**Aim of the task:** When you write out the listing, keep every word as it stands and drop the pictures.

**Stored data:**
---
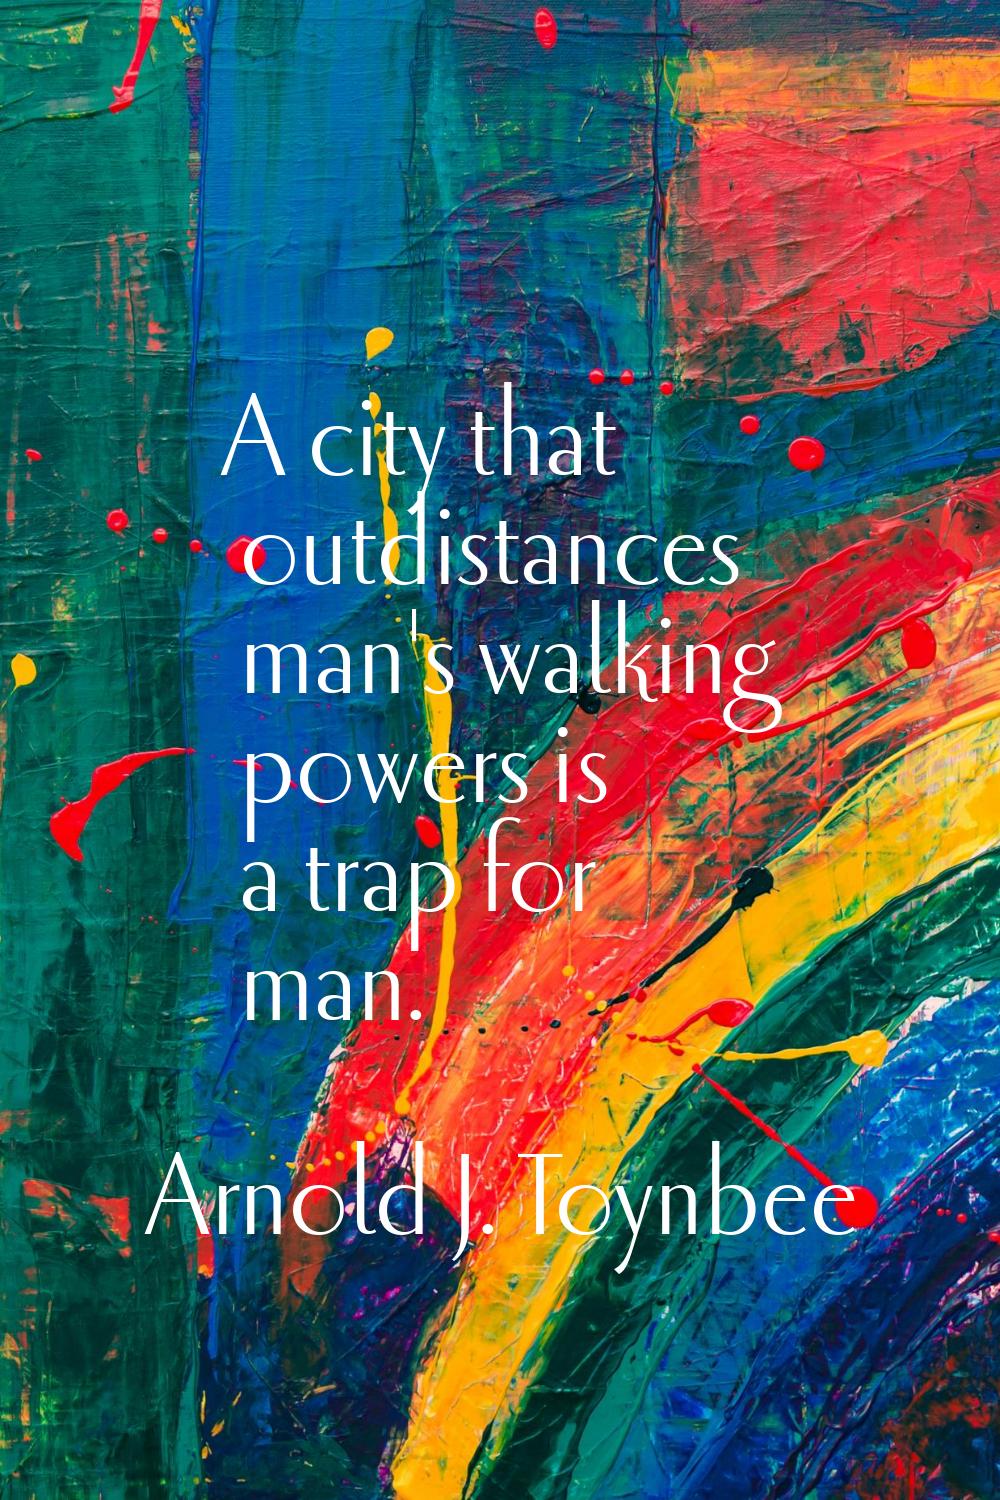 A city that outdistances man's walking powers is a trap for man.
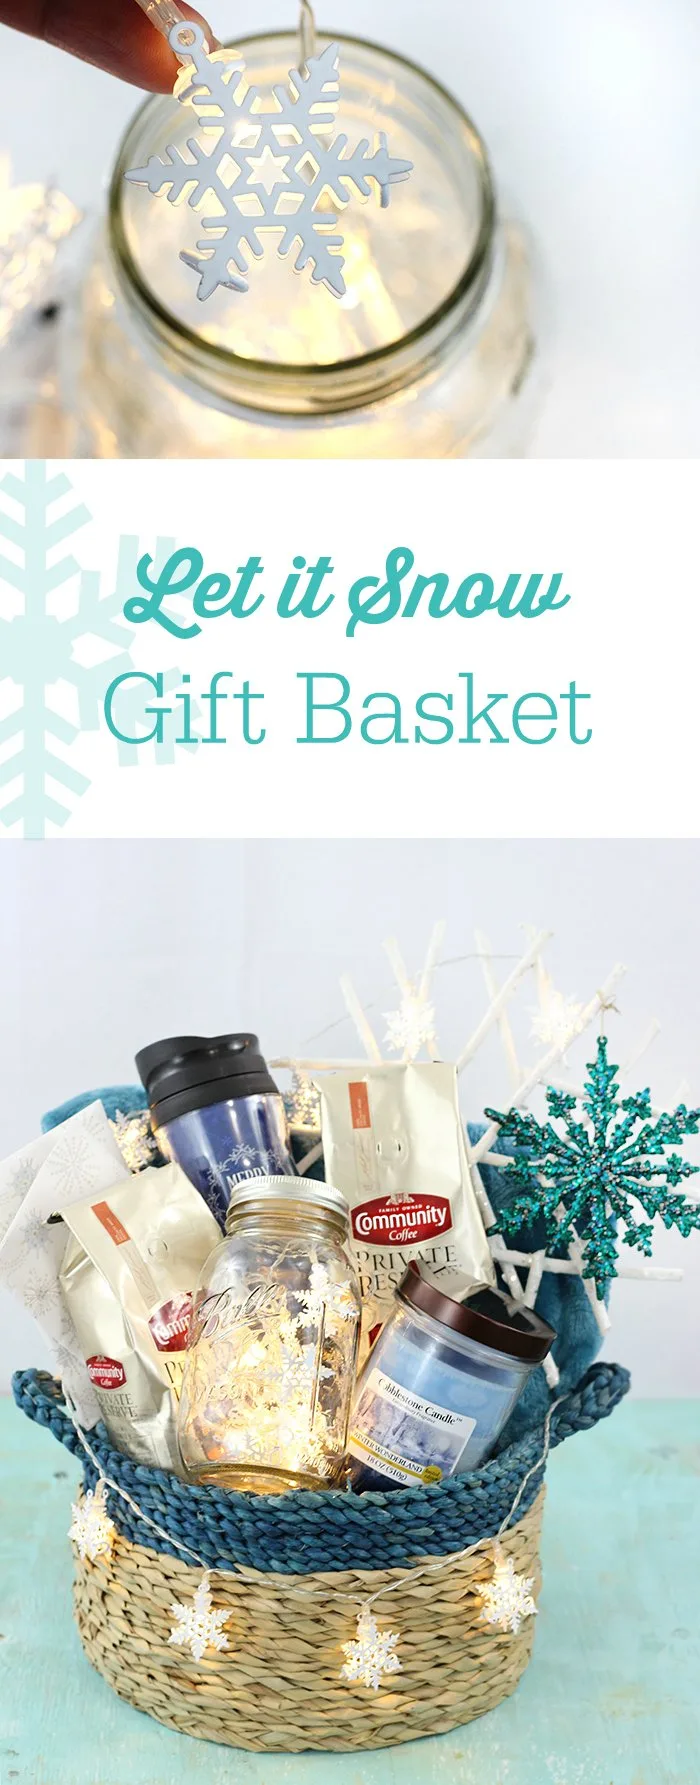 let us snow gift basket.jpg
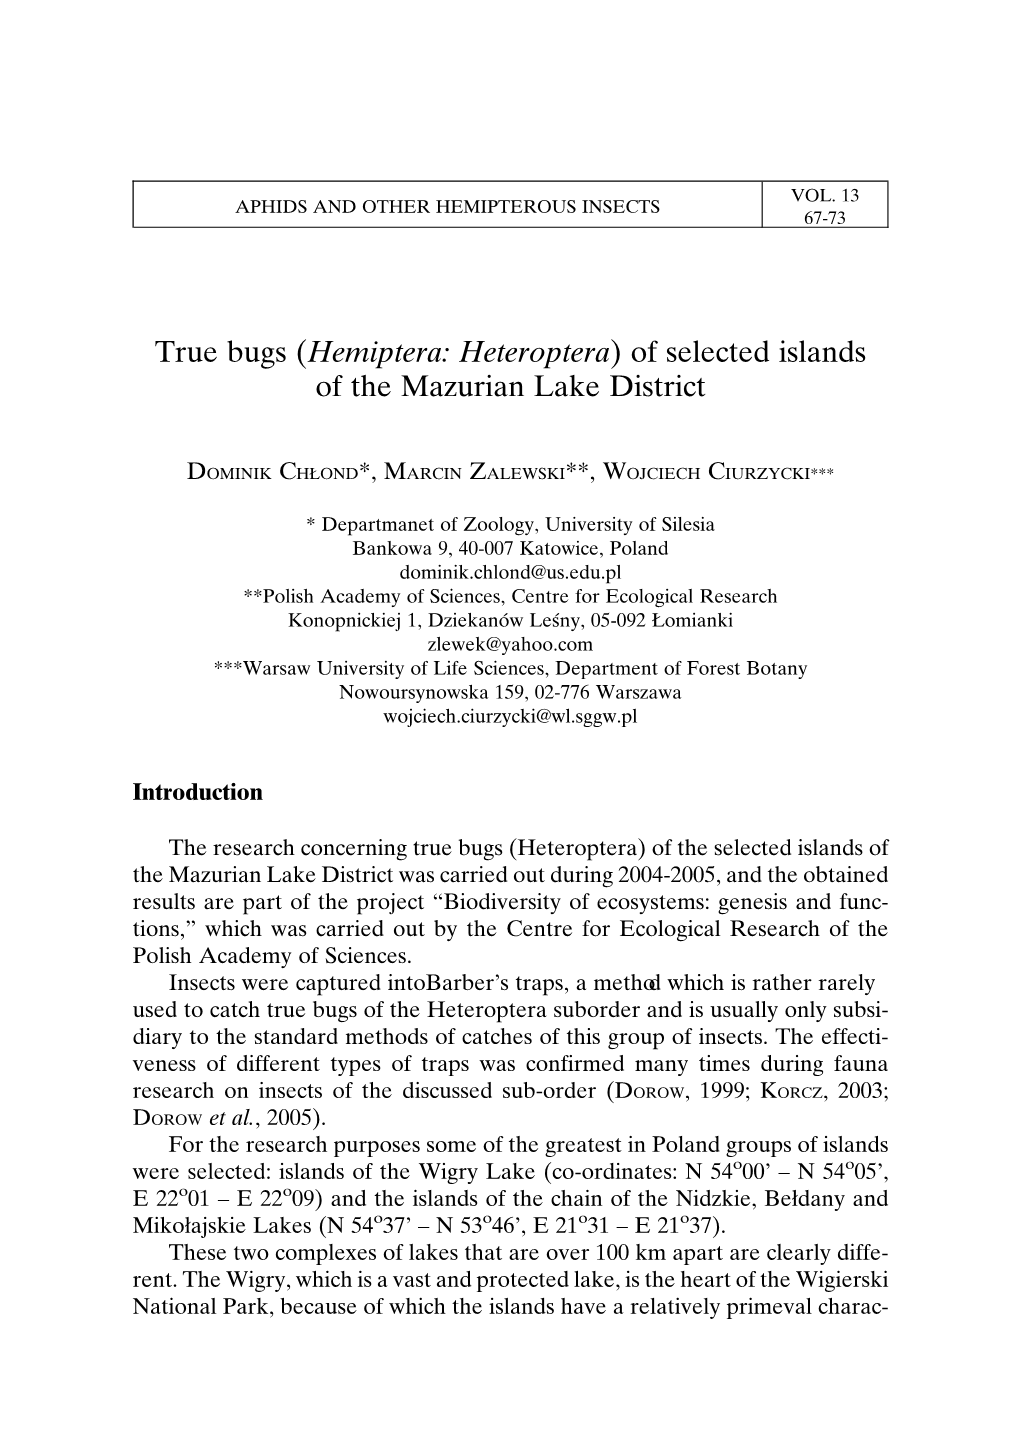 True Bugs (Hemiptera: Heteroptera) of Selected Islands of the Mazurian Lake District
---
**Exercise output:**
 A city that outdistances man's walking powers is a trap for man.
 let us snow gift basket.jpg
 True Bugs (Hemiptera: Heteroptera) of Selected Islands of the Mazurian Lake District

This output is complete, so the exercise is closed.